Of course, much of the tension should be credited to Siegel, too. As Maddie, she uses little more than sparse ASL and facial expressions to convey everything from humor to vulnerability and frustration at her own writer’s block, which ends up inhibiting her when she takes a stand against her would-be murderer. In one of the film’s most brilliant sequences, she reaches deep within her consciousness to replenish her sapped determination, creating a fantasy where she’s able to speak once again. This also gives her disability some distinct details not seen in most films featuring deaf characters. Because Maddie was afflicted with sense-crippling bronchial meningitis when she was 13, she’s caught between two worlds — unable to physically hear or talk, but able to remember those things well enough that she can conjure speech in her dreams, visions, and memories.
With the exception of a sister on Facetime and a pair of visits from neighbors, Siegel and Gallagher are the only actors in the film. But to paraphrase a joke from They Came Together, the sound functions as its own character, just as crucial as any of the flesh-and-blood performers. Michael Koff, supervising sound designer Steven Iba, and re-recording mixer Jonathan Wales all work in tandem to treat each noise with decadence. The “thock” of Maddie chopping vegetables is deliciously amplified, as are the bloops of text messages and the chimes of phone calls. By turning up these notifications — these Apple effects that we’ve all heard during our own relaxed nights at home — the sound team establishes a familiar sense of place, only to shatter it once the killer appears.
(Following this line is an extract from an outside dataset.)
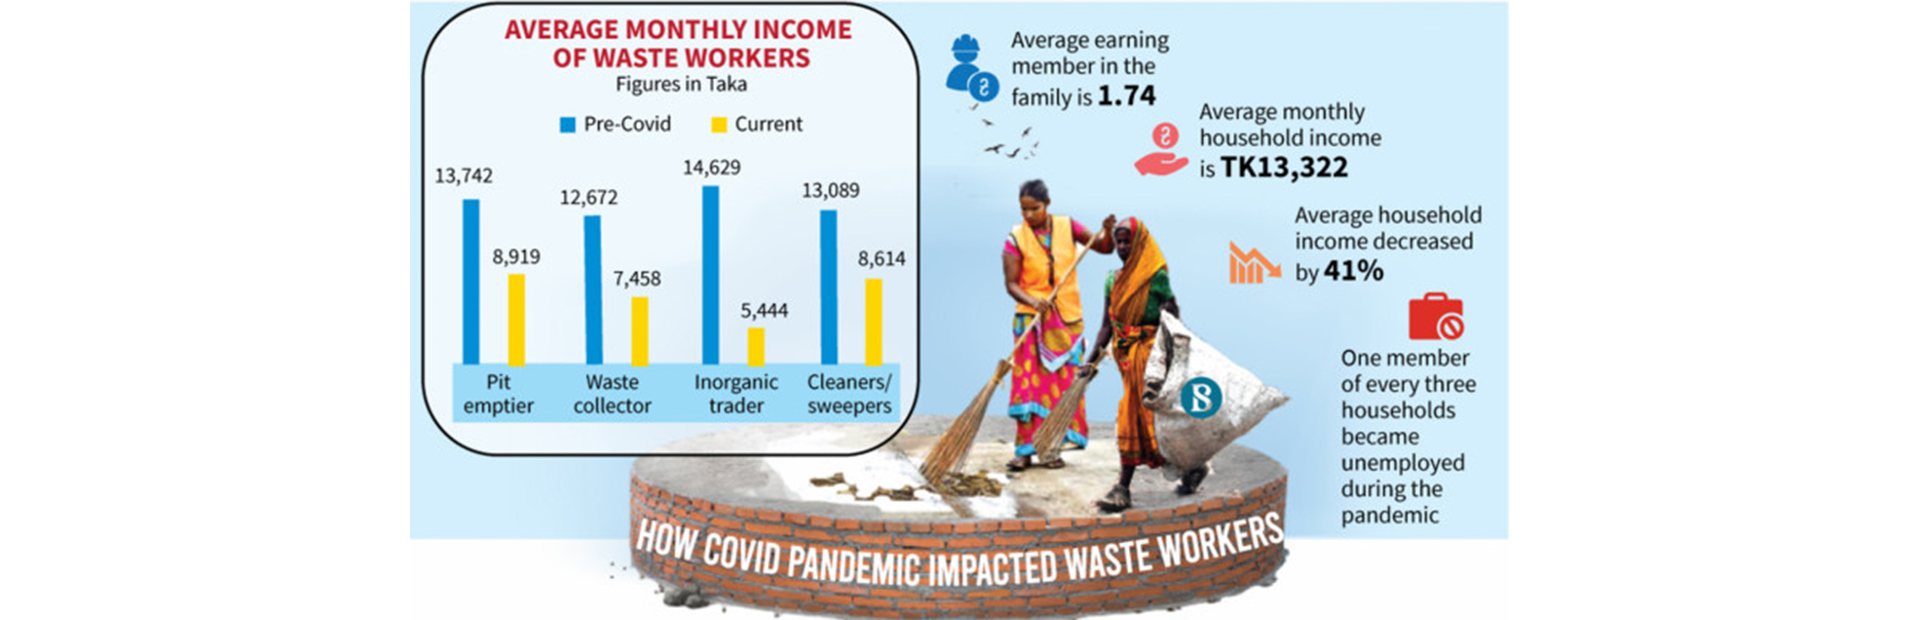 Extreme poverty increases among waste collectors during pandemic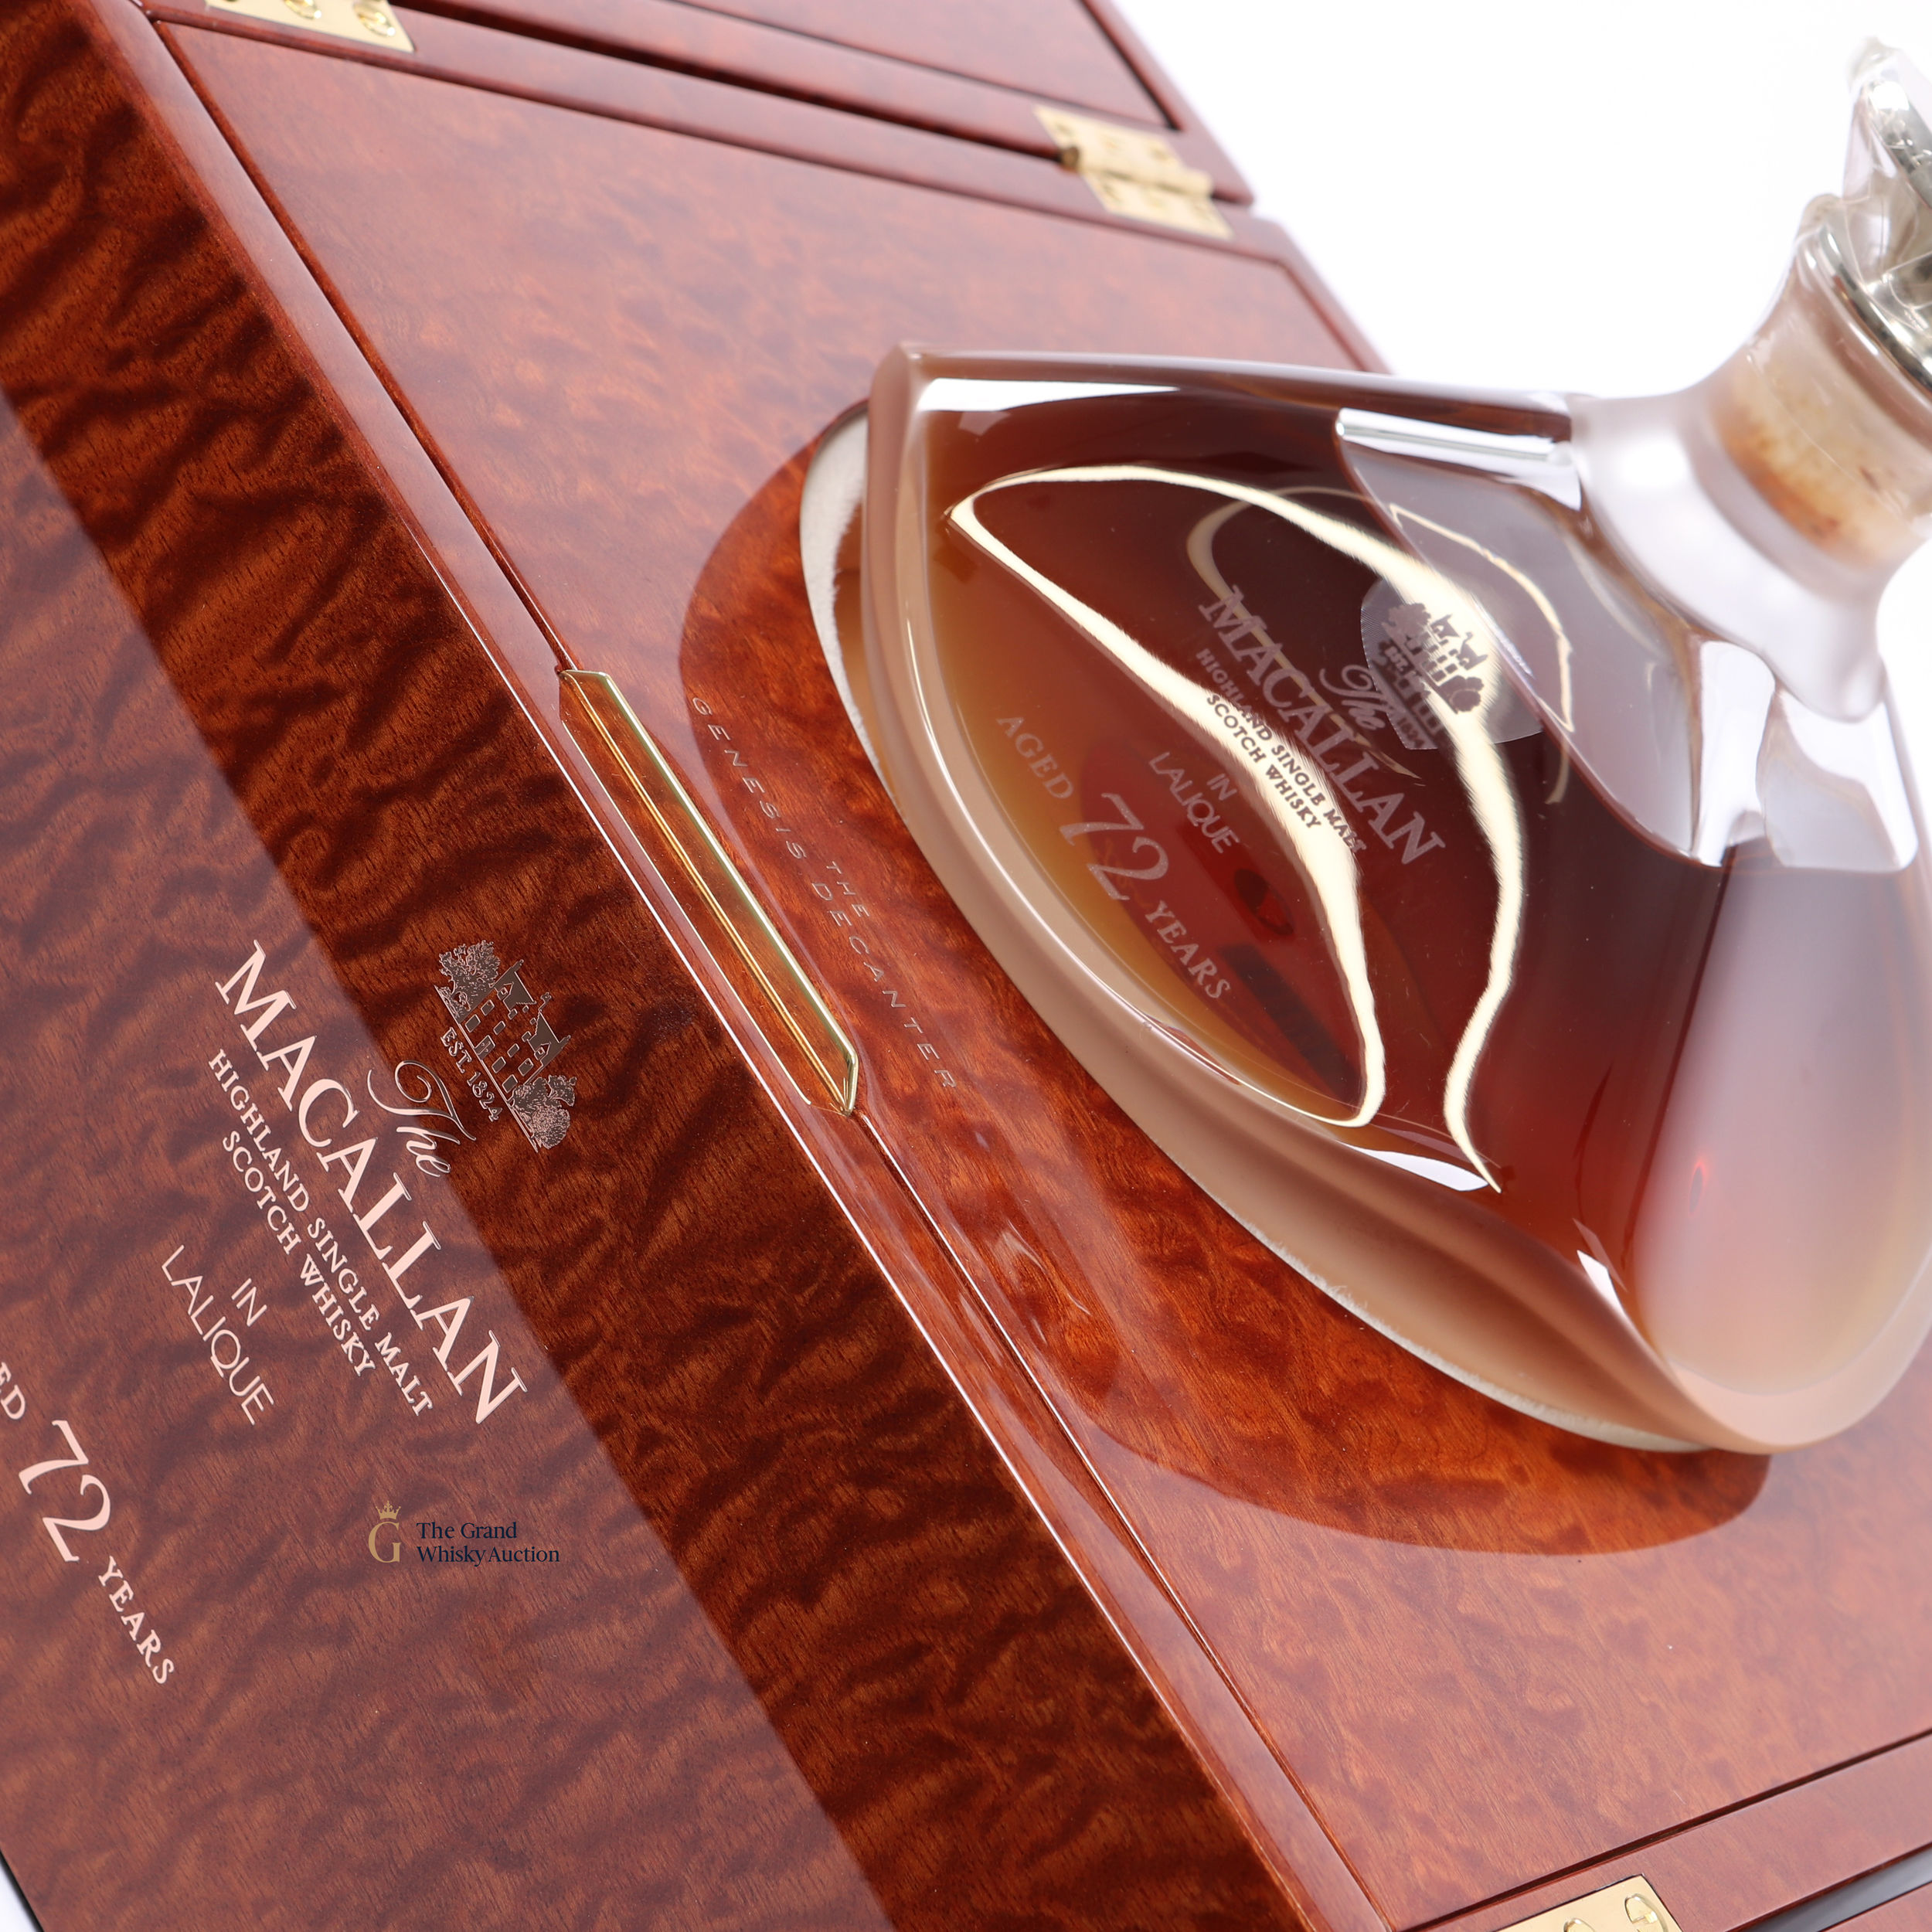 Macallan 72 Year Old Lalique Genesis Decanter Auction The Grand Whisky Auction

It’s no coincidence that the stabbing of flesh and the crunching of bone are delivered at the same volume as the various creature comforts, the noise level now ear-shattering instead of soothing.
The sound design also reminds us of what Maddie doesn’t have at her disposal, and how this can both a strength and a weakness. Sure, Flanagan could have easily filtered the entire film through her lack of hearing so that we could experience it firsthand. But the heightened audio is more complex in its final result. In the first few minutes of the film, we love it, indulging in the food being prepared and the messages being read. When the violence hits, however, we want to retreat into our own cocoons of silence. We want to drown out the horror. And that’s when we realize how the lack of sound can actually be used to Maddie’s advantage. Even though that’s a theme lifted right from Wait Until Dark, the significant amount of time that Hush spends with the enemy makes the revelation that much more important.